The answer must be every record below, reproduced exactly.

----- PROVIDED INFORMATION

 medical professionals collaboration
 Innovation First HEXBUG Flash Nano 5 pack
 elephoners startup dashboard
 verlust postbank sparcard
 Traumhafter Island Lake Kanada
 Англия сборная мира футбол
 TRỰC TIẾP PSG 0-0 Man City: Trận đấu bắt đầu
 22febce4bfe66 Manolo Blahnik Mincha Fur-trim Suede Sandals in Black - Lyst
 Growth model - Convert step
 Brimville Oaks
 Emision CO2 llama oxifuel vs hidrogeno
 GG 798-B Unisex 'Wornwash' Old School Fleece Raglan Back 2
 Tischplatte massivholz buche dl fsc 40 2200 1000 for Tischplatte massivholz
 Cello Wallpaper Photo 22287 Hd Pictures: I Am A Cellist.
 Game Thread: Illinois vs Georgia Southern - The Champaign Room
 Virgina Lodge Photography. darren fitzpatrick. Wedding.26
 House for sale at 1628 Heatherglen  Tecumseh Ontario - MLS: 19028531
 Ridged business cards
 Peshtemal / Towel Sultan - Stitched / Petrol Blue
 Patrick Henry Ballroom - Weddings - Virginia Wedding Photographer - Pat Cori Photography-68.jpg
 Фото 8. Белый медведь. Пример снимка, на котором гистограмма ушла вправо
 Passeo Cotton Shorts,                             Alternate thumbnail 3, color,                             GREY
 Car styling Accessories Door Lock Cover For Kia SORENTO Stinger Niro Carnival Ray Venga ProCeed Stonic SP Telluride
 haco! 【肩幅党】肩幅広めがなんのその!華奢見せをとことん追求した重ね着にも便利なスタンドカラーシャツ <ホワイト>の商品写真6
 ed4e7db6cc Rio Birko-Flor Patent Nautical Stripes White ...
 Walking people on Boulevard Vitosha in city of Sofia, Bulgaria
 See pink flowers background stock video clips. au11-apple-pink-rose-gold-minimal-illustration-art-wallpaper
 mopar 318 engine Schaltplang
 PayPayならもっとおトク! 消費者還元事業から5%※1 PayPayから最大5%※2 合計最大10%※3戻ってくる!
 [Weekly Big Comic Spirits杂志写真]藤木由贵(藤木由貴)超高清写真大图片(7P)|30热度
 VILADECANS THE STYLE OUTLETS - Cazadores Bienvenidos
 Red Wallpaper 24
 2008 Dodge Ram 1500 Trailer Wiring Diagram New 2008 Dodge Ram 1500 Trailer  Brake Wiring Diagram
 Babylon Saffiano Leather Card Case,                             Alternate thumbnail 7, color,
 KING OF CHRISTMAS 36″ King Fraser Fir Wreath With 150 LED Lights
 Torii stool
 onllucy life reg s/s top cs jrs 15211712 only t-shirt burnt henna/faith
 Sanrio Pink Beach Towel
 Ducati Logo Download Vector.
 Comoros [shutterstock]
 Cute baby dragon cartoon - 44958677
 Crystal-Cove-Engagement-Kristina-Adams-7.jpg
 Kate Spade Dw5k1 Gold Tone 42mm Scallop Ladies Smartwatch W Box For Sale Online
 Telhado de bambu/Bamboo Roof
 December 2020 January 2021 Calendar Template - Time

----------

» **WORKED SOLUTION**:
 medical professionals collaboration
 Innovation First HEXBUG Flash Nano 5 pack
 elephoners startup dashboard
 verlust postbank sparcard
 Traumhafter Island Lake Kanada
 Англия сборная мира футбол
 TRỰC TIẾP PSG 0-0 Man City: Trận đấu bắt đầu
 22febce4bfe66 Manolo Blahnik Mincha Fur-trim Suede Sandals in Black - Lyst
 Growth model - Convert step
 Brimville Oaks
 Emision CO2 llama oxifuel vs hidrogeno
 GG 798-B Unisex 'Wornwash' Old School Fleece Raglan Back 2
 Tischplatte massivholz buche dl fsc 40 2200 1000 for Tischplatte massivholz
 Cello Wallpaper Photo 22287 Hd Pictures: I Am A Cellist.
 Game Thread: Illinois vs Georgia Southern - The Champaign Room
 Virgina Lodge Photography. darren fitzpatrick. Wedding.26
 House for sale at 1628 Heatherglen  Tecumseh Ontario - MLS: 19028531
 Ridged business cards
 Peshtemal / Towel Sultan - Stitched / Petrol Blue
 Patrick Henry Ballroom - Weddings - Virginia Wedding Photographer - Pat Cori Photography-68.jpg
 Фото 8. Белый медведь. Пример снимка, на котором гистограмма ушла вправо
 Passeo Cotton Shorts,                             Alternate thumbnail 3, color,                             GREY
 Car styling Accessories Door Lock Cover For Kia SORENTO Stinger Niro Carnival Ray Venga ProCeed Stonic SP Telluride
 haco! 【肩幅党】肩幅広めがなんのその!華奢見せをとことん追求した重ね着にも便利なスタンドカラーシャツ <ホワイト>の商品写真6
 ed4e7db6cc Rio Birko-Flor Patent Nautical Stripes White ...
 Walking people on Boulevard Vitosha in city of Sofia, Bulgaria
 See pink flowers background stock video clips. au11-apple-pink-rose-gold-minimal-illustration-art-wallpaper
 mopar 318 engine Schaltplang
 PayPayならもっとおトク! 消費者還元事業から5%※1 PayPayから最大5%※2 合計最大10%※3戻ってくる!
 [Weekly Big Comic Spirits杂志写真]藤木由贵(藤木由貴)超高清写真大图片(7P)|30热度
 VILADECANS THE STYLE OUTLETS - Cazadores Bienvenidos
 Red Wallpaper 24
 2008 Dodge Ram 1500 Trailer Wiring Diagram New 2008 Dodge Ram 1500 Trailer  Brake Wiring Diagram
 Babylon Saffiano Leather Card Case,                             Alternate thumbnail 7, color,
 KING OF CHRISTMAS 36″ King Fraser Fir Wreath With 150 LED Lights
 Torii stool
 onllucy life reg s/s top cs jrs 15211712 only t-shirt burnt henna/faith
 Sanrio Pink Beach Towel
 Ducati Logo Download Vector.
 Comoros [shutterstock]
 Cute baby dragon cartoon - 44958677
 Crystal-Cove-Engagement-Kristina-Adams-7.jpg
 Kate Spade Dw5k1 Gold Tone 42mm Scallop Ladies Smartwatch W Box For Sale Online
 Telhado de bambu/Bamboo Roof
 December 2020 January 2021 Calendar Template - Time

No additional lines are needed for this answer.